• [PROBLEM DESCRIPTION] Only some lines are wanted: please transcribe exactly those from the one containing "Hand Drawn Skateboard" through the end of the data, pictures excluded.

• [DATA]
====================
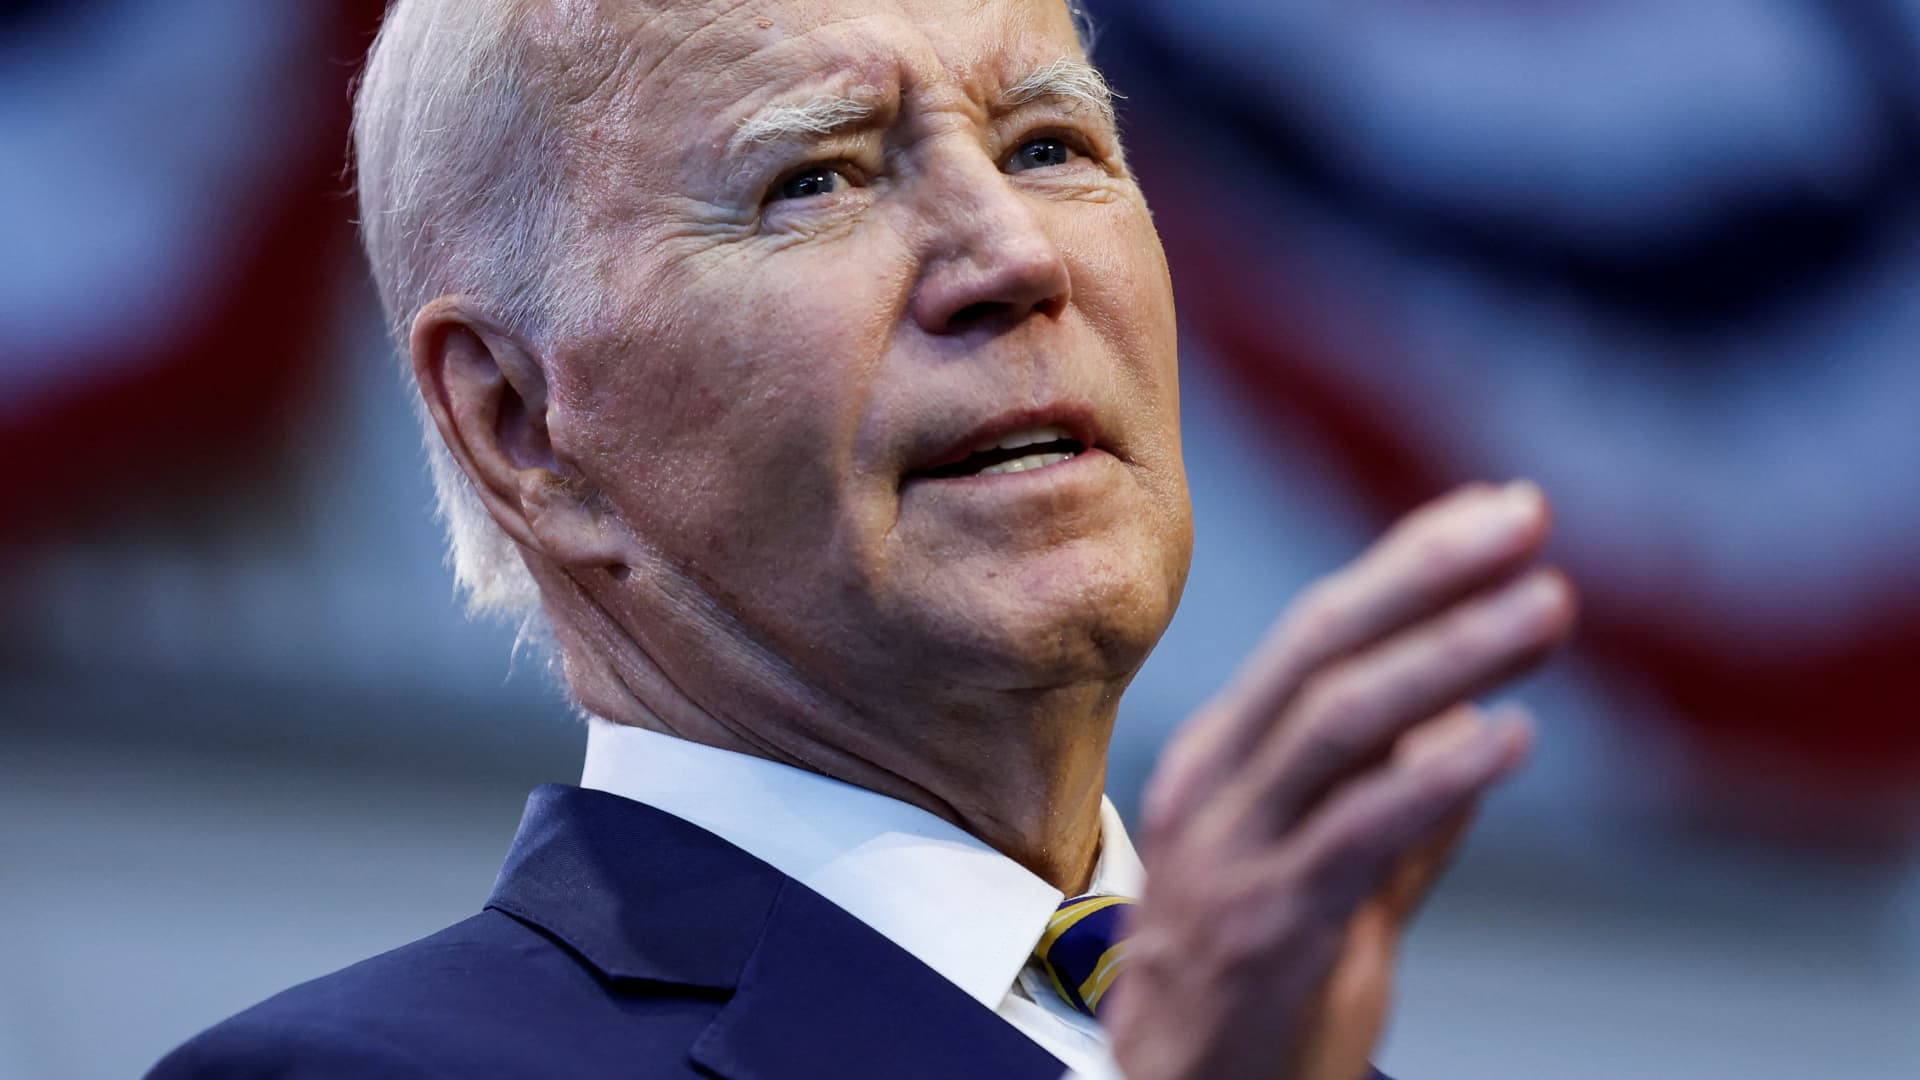 House Oversight Committee to hold first Biden impeachment inquiry hearing next week
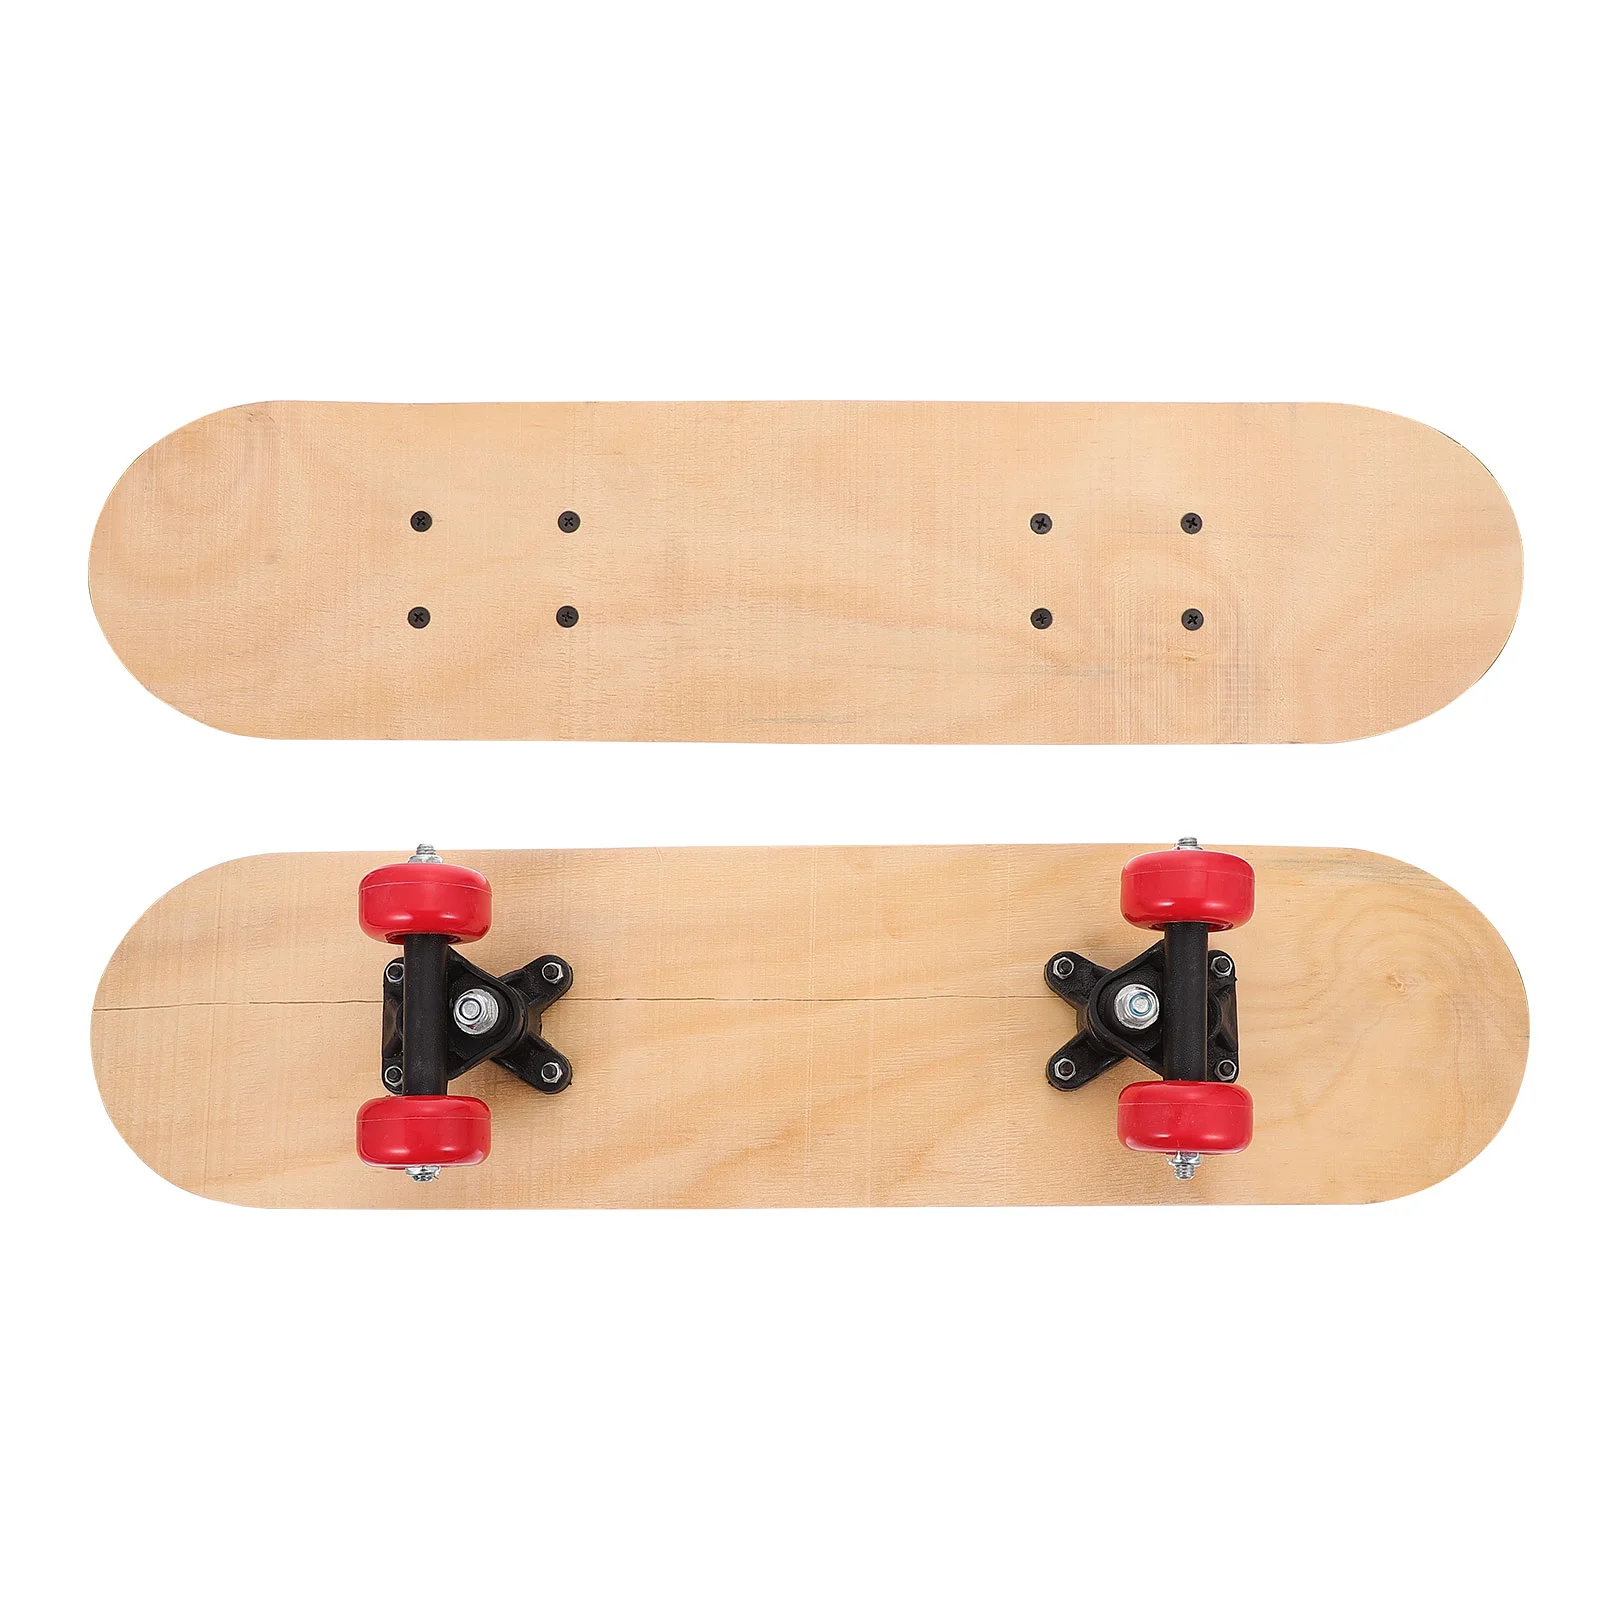 

Hand Drawn Skateboard Flying Toy Skating Accessories Material Graffiti Deck DIY Supplies Wood Wooden Child Painting Blank
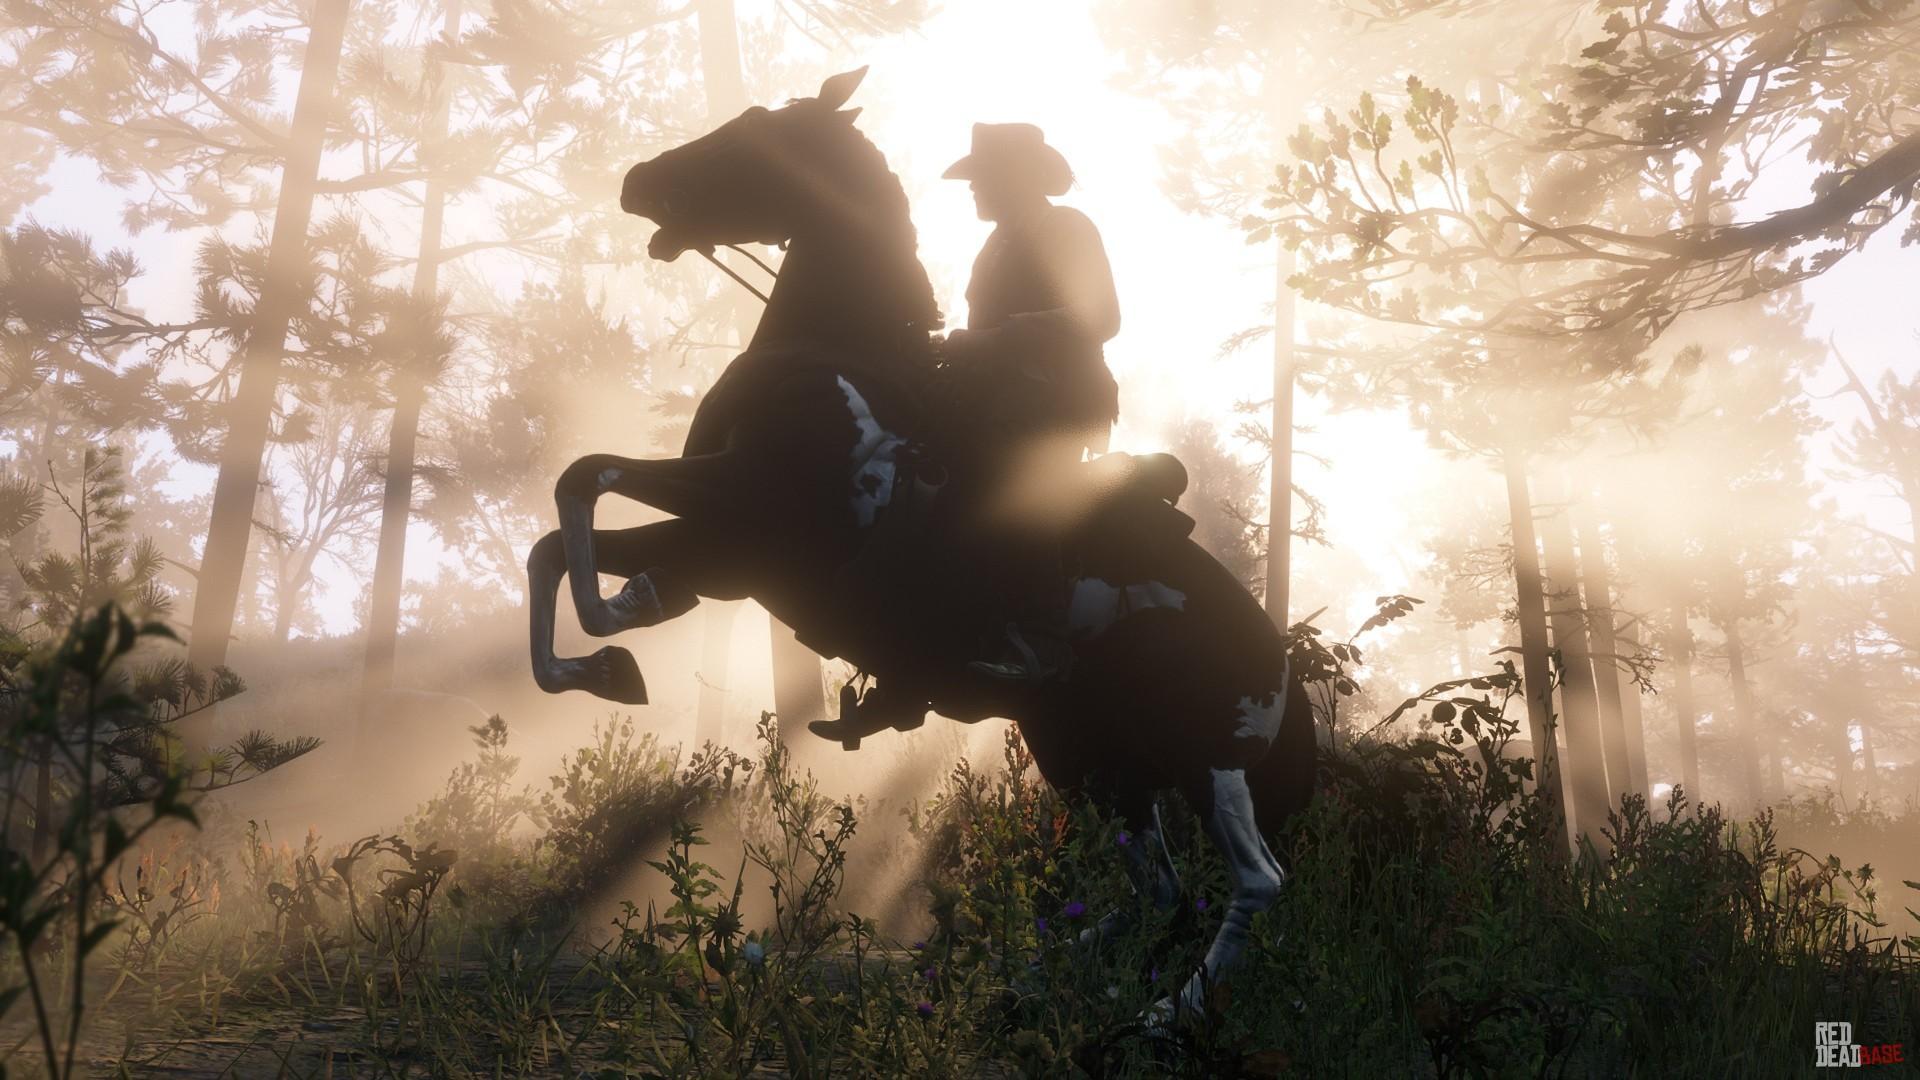 Red Dead Redemption 2 has sold over 50 million units lifetime
====================
• [ANSWER SPACE]
Hand Drawn Skateboard Flying Toy Skating Accessories Material Graffiti Deck DIY Supplies Wood Wooden Child Painting Blank
 Red Dead Redemption 2 has sold over 50 million units lifetime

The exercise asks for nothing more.